The trip to Mexico by U.S. State Secretary Marco Rubio has the Claudia Sheinbaum administration holding its breath. It is the first visit by one of Donald Trump’s top aides, and it represents a crucial step in balancing bilateral relations, which have become strained over the past eight months due to Washington’s aggressive policies on immigration, tariffs, and drugs, as well as its demands in the fight against crime.
President Sheinbaum will meet with Rubio on Wednesday at the National Palace in Mexico City and hopes, as she indicated in a press conference, that the meeting will lead to an understanding with the State Secretary. The Mexican president wants greater collaboration not only on issues such as drug trafficking, irregular immigration and trade agreements, but also greater transparency in the exchange of information regarding Mexican drug traffickers who are being tried in the United States.
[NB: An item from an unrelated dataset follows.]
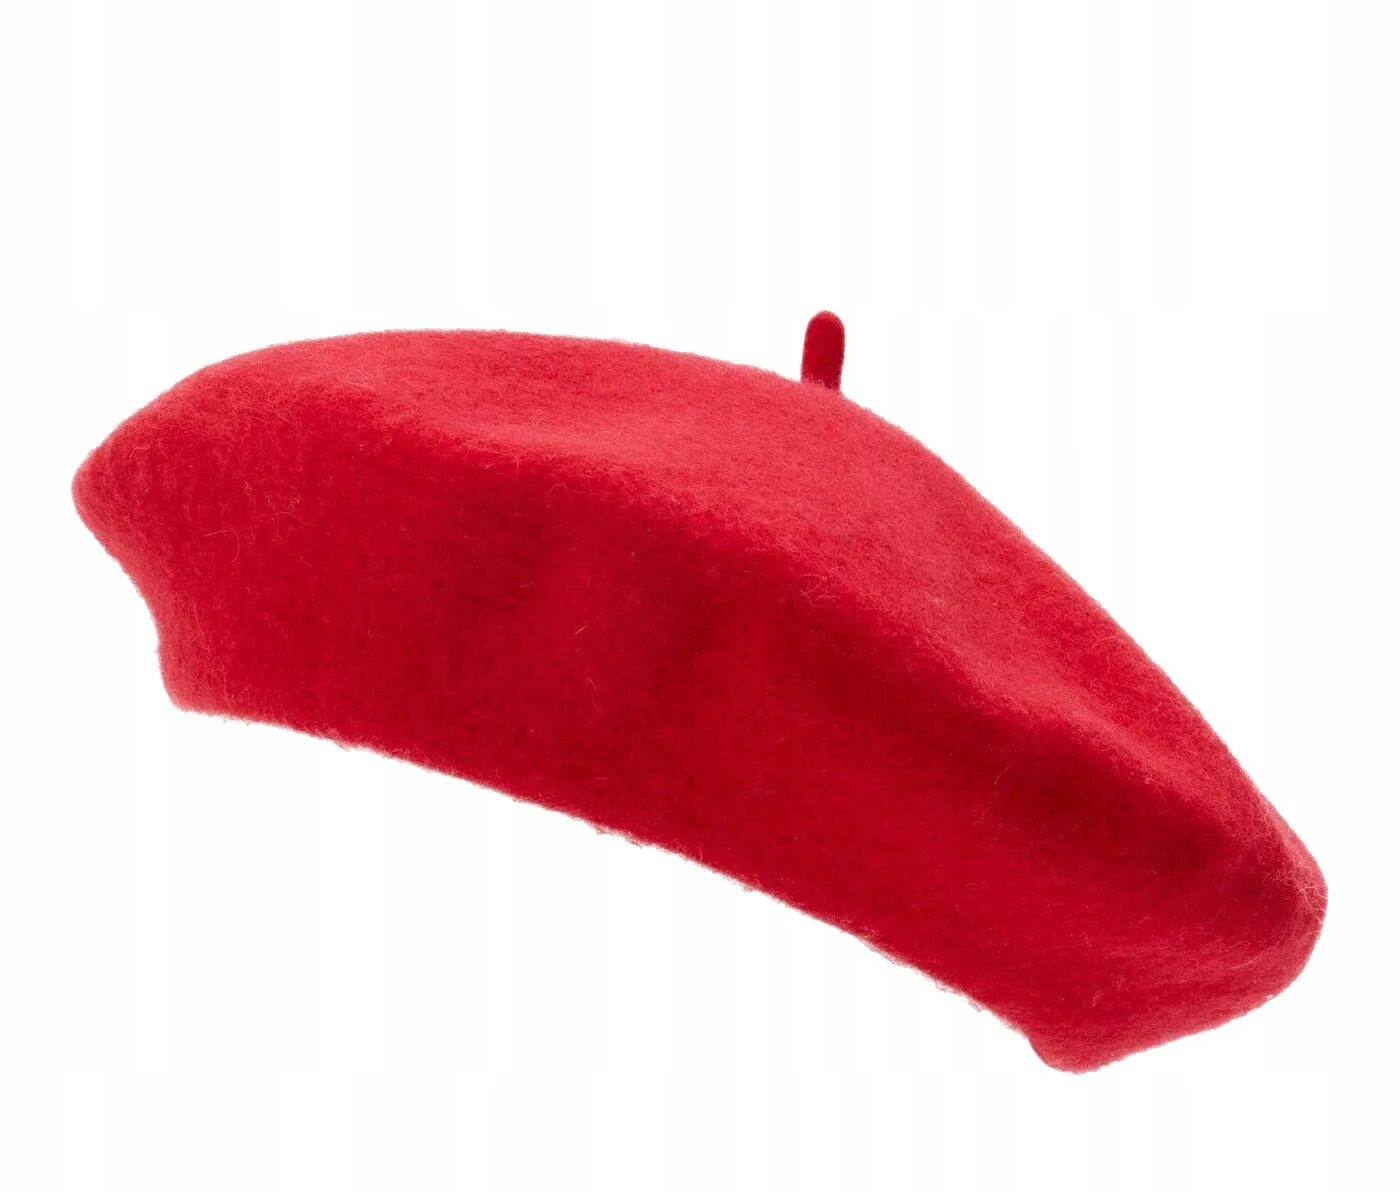 Беретка французская красная. Красный французский берет. Французский головной убор красный. Красная шляпа французская.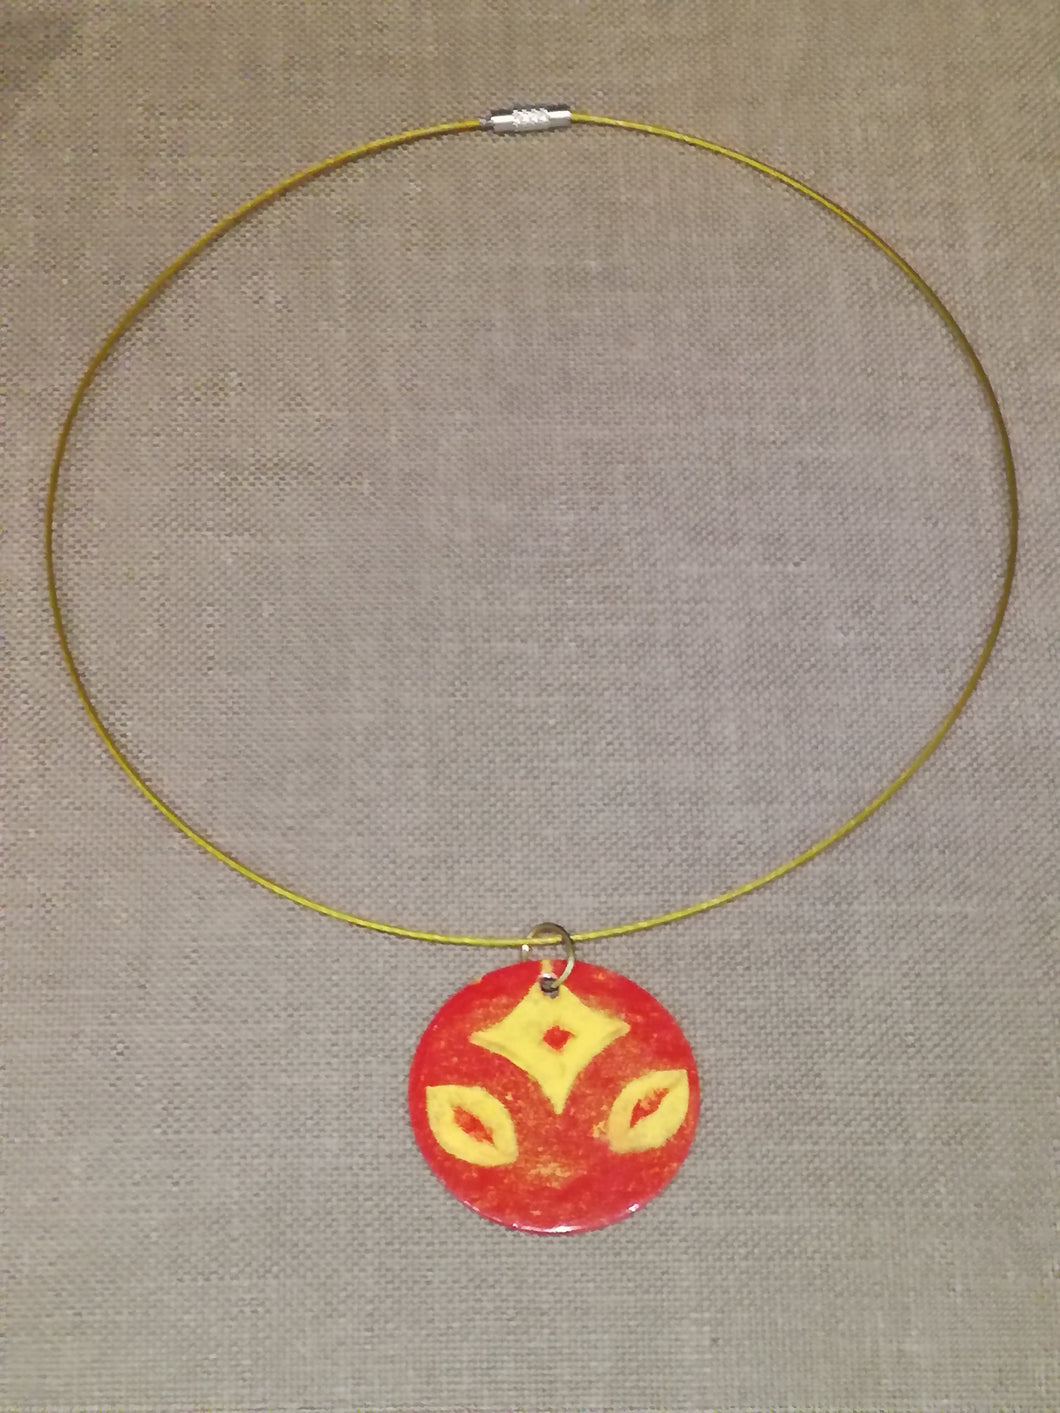 collier avec pendentif rouge et jaune

Rubio—a Cuban-American politician who is ultraconservative, fiercely protectionist, and a strong critic of Mexico— will be paying his first official visit to the country as head of the State Department, and will later travel to Ecuador. Until now, his agenda had not included Mexico despite the intense relationship the United States has maintained with the Sheinbaum administration since Trump’s return to the White House last January. Mexico was left out of the secretary’s first two tours of Latin America and the Caribbean earlier this year.
Washington has insisted that it will “deepen bilateral ties” and has proposed “burden-sharing” with Mexico to “dismantle cartels,halt fentanyl trafficking, end illegal immigration, reduce the trade deficit, and promote economic prosperity and counter malign extra continental actors.”
For her part, Sheinbaum has emphasized that she seeks to sign an agreement for greater security collaboration that includes joint investigations as well as the exchange of information between both countries, a pending demand that has worsened with the recent arrests of drug lords facing criminal prosecution north of the border.
Mexico has asked the United States to share details of the collaboration agreements it reached with two rival drug traffickers, Ismael El Mayo Zambada and Ovidio Guzmán, in exchange for guilty pleas. Faced with the possibility of Mexican political and business leaders being exposed as having ties to drug trafficking activities, Sheinbaum has criticized the affronts to Mexican sovereignty in the arrest of El Mayo. In the case of Guzmán, she questioned the lack of coordination with the Attorney General’s Office and criticized the United States for negotiating with “terrorists.”
Another disagreement with U.S. authorities was the announcement by the U.S. Drug Enforcement Administration (DEA) regarding Operation Portero, a joint program with Mexico to dismantle the agents who control smuggling corridors along the southwest border. Sheinbaum abruptly and categorically denied the existence of the program, stating that she does not know why the DEA announced an operation that does not exist. She added that the only agreement on the table has yet to be signed. “It is with the State Department and is fundamentally based on sovereignty, mutual trust, territorial respect—that is, that each party operates within its own territory—and coordination, without subordination,” she emphasized.
The situation was already tense due to the sanctions the Treasury Department announced in July against three Mexican financial institutions for alleged money laundering for the benefit of the country’s major cartels. Mexico launched its own investigations, but clarified that no legal action could be taken without evidence of the crime, as the United States had not shared it. “They haven’t sent a single piece of evidence indicating that money laundering is taking place.”
Rubio faces the challenge of reconciling these points of contention and seeking a space for cooperation during his meeting with the Mexican president. His first official visit is fraught with expectations after Rubio designated Mexican cartels as terrorist organizations and highlighted the country’s ongoing violence crisis.